Musicians travel from as far away as large East Coast cities like New York City, Philadelphia and Boston to interact with and perform for the residents of the San Juan Islands.

An escape from the perceived pretentiousness of a normal orchestra performance, the chamber music festival allows people who could otherwise not experience live classical and contemporary instrumental performances to enjoy professional musicians in a more relaxed setting.

“We don’t just silently walk on stage and play. We spend on time on stage talking about the piece we are performing,” Baird-Daniel said. “It becomes a lot more approachable and a lot less intimidating.”

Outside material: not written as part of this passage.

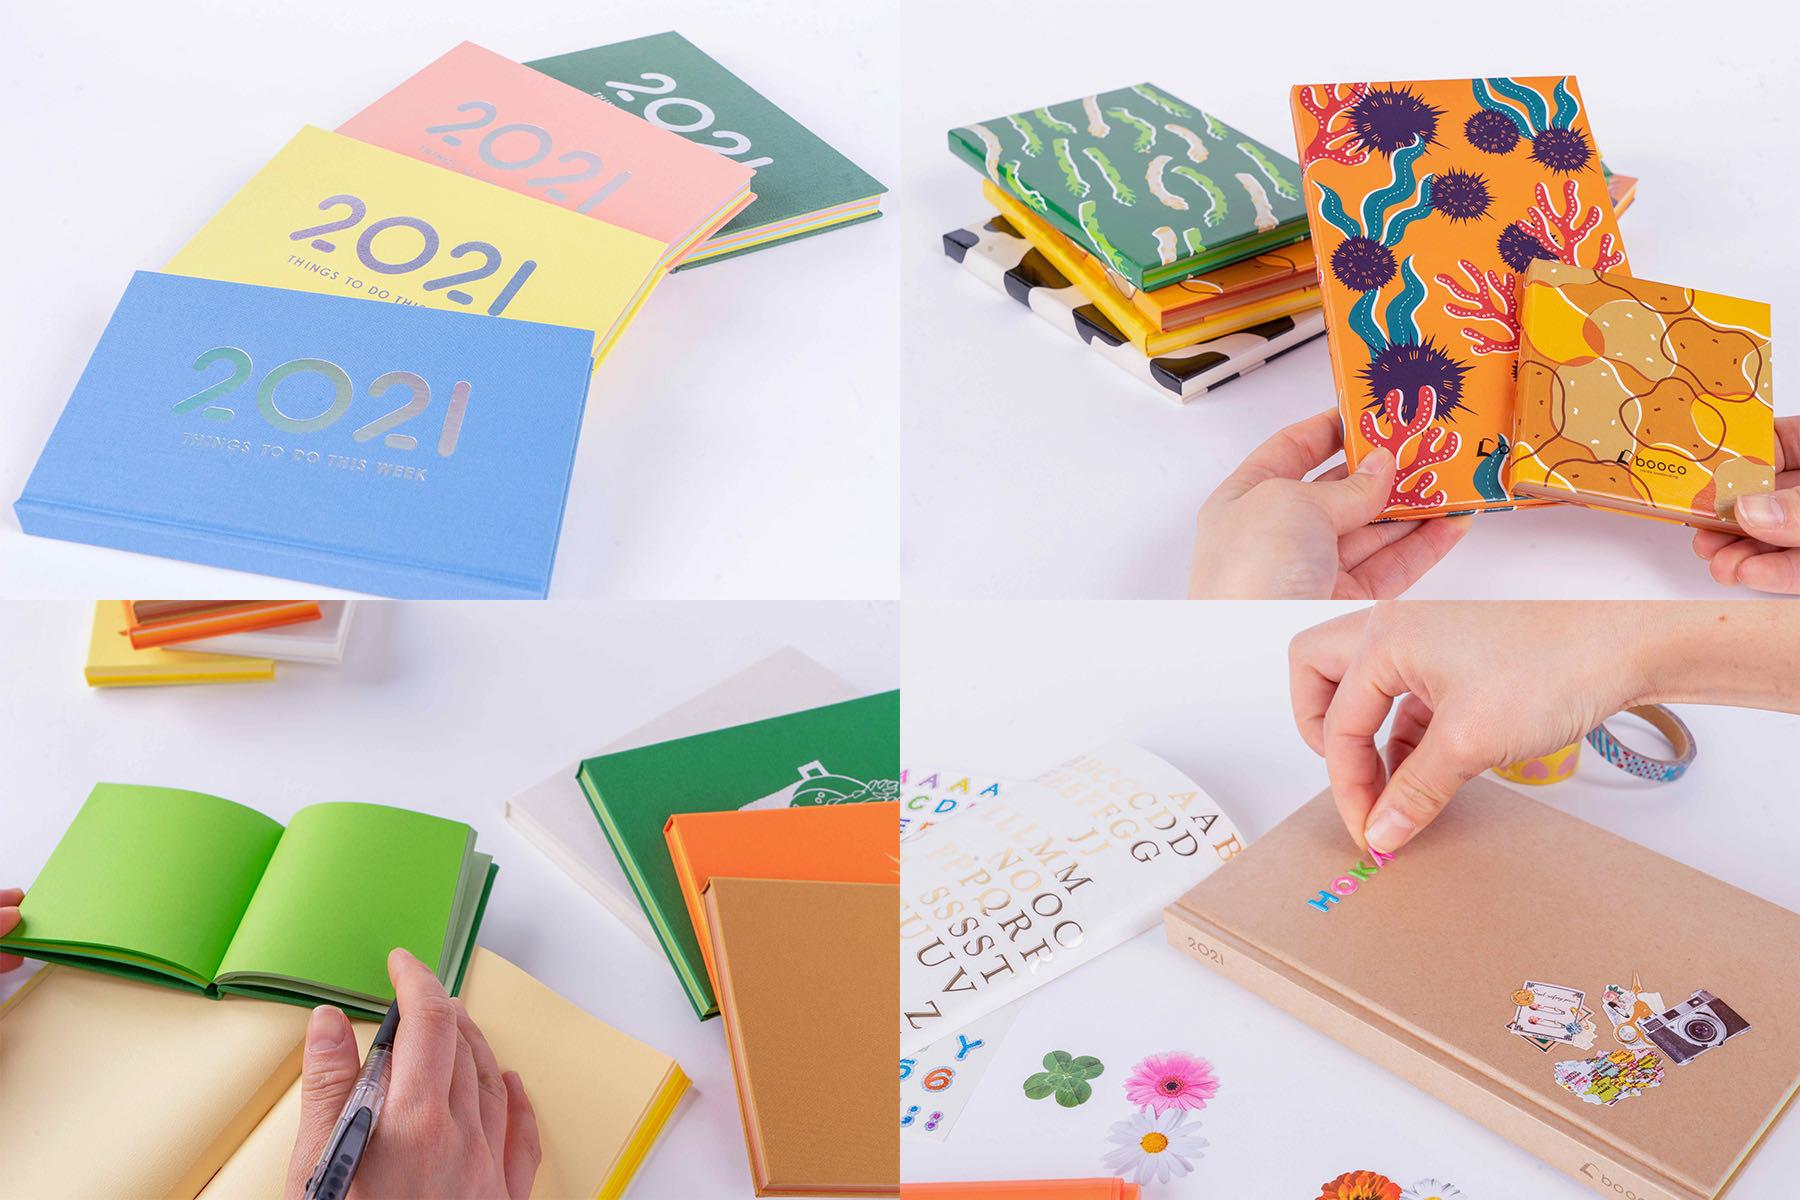 石田製本のオリジナル文房具boocoシリーズ,カラフルなノート・メモ帳・日記帳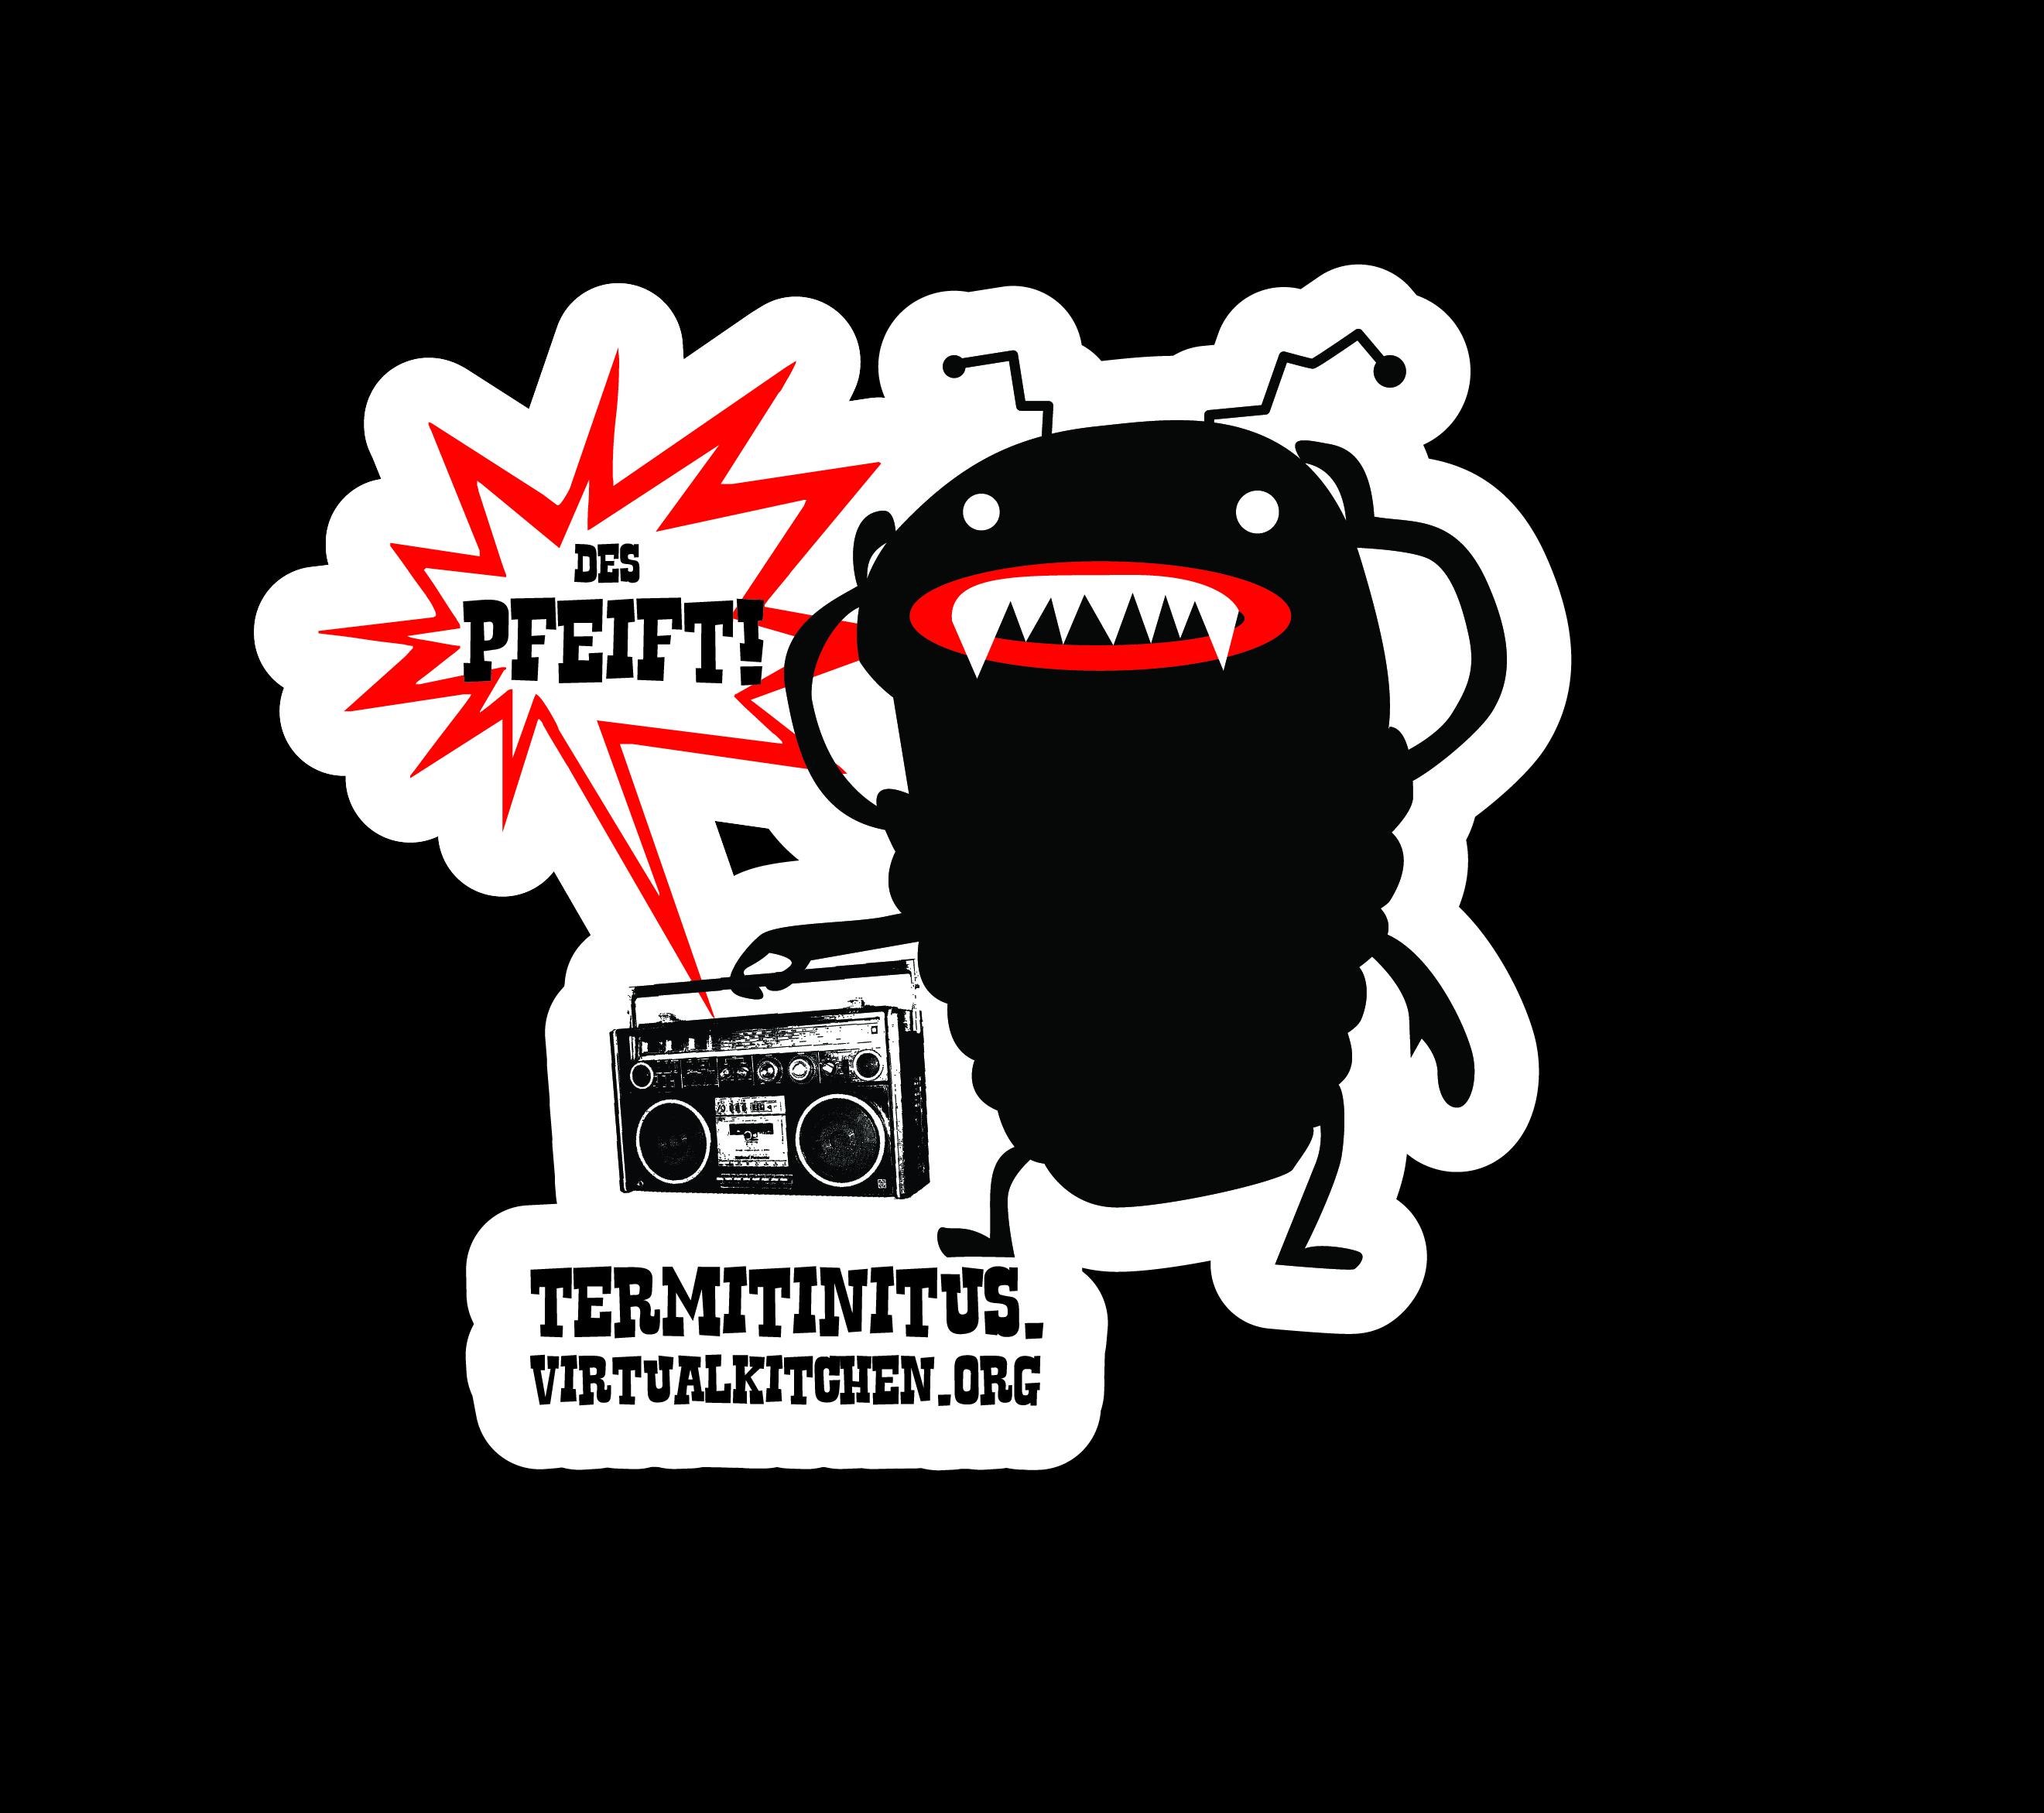 Termitinitus_3F

Concerts in this year’s festival include Piano at the Museum, at noon on Friday, Sept. 6, at the San Juan Islands Museum of Art. At this free event, audience members can enjoy Liz Dorman and Michael Smith playing four-handed piano works on the museum’s new baby grand piano as they peruse the images on display in the museum’s “Deep Dive” exhibit.

“It’s a beautiful space,” Baird-Daniel said. “That should be actually pretty special.”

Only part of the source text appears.